Consuming culture in the era of streaming services
The explosion of services such as Netflix, Spotify, Disney+, Apple Music, Amazon Prime and YouTube allows access to content at the click of a button. It also has turned the norms surrounding cultural consumption upside down.
David Arditi, associate professor of sociology at The University of Texas at Arlington whose research focuses on the intersection of culture and technology, wondered how this shift to an unending supply of content affected the way we consume our favorite shows, blockbuster movies and new albums.
In his new book, Streaming Culture: Subscription Platforms and the Unending Consumption of Culture, Arditi explores the complex and ever-evolving relationship that exists between culture and technology.
“The way we consume culture and how we think about our culture is being impacted by streaming culture,” Arditi said. “Anyone can read this book.
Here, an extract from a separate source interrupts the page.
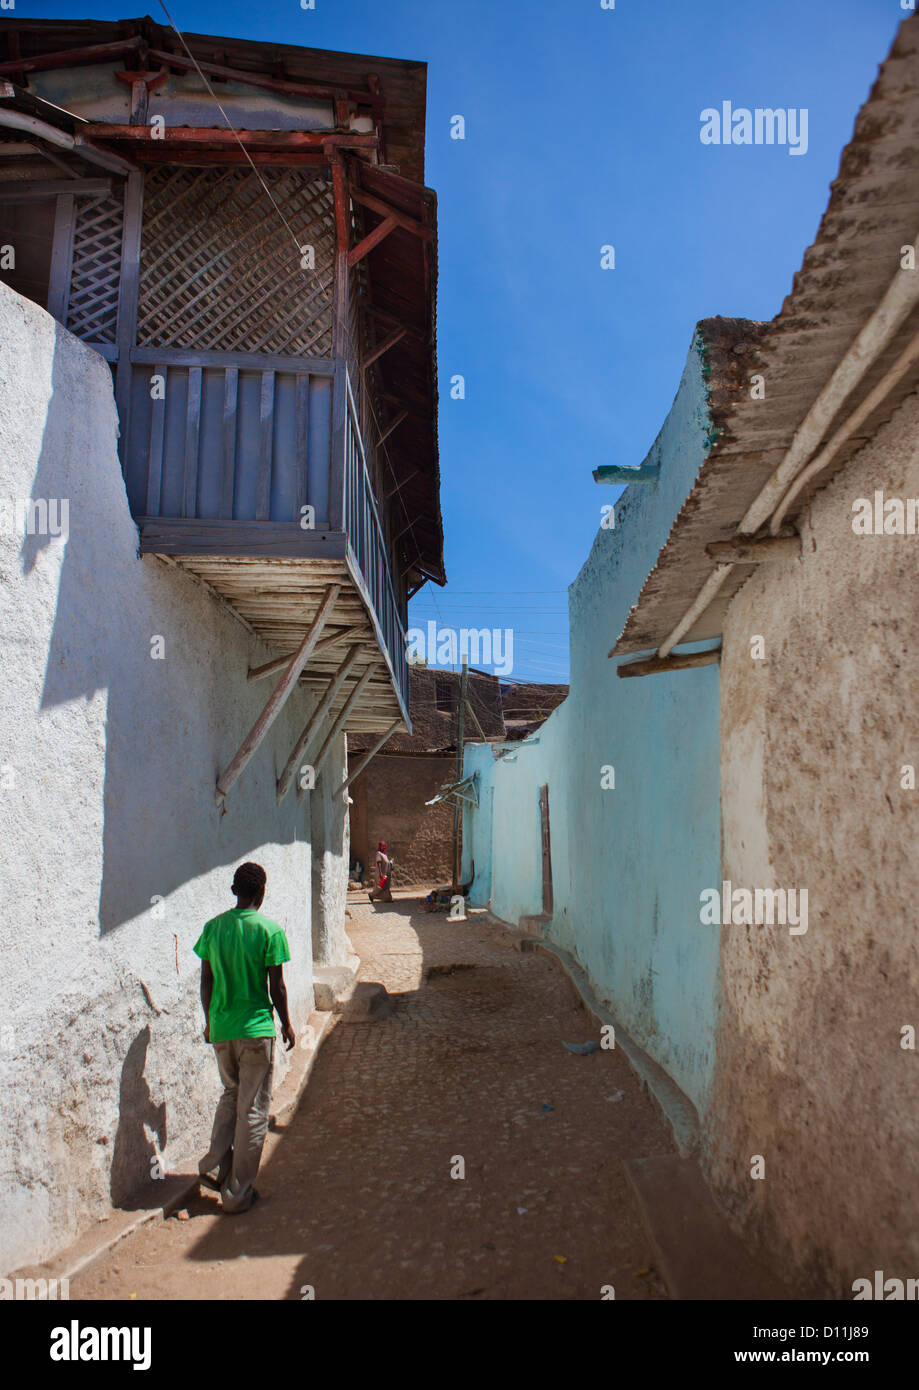 Mann In einer schmalen Straße von der alten Stadt von Harar, Äthiopien Stockfoto

You don’t have to be a sociology scholar.”
Loaded with examples that will speak to every type of media consumer, Arditi’s book outlines the extensive impact of streaming services to help readers understand modern digital society and learn more about the fundamentally changing structure of capitalism.
Arditi said he began working on the book before the COVID-19 pandemic but wrote the majority of it over the spring and summer of 2020 when lockdown was in full effect.
“During the pandemic, it got me thinking about the way we experience moments and how that experience has changed since television first came out and only three channels existed,” he said. “Culture is the process by which we as people make symbolic meaning out of everyday things. So the experience during that time when everyone was only consuming one of three TV channels is drastically different than this unending consumption of culture that we have available to us now. The cultural world is at our fingertips.”
Streaming Culture: Subscription Platforms and the Unending Consumption of Culture is available through Emerald Books, Amazon and Barnes and Noble.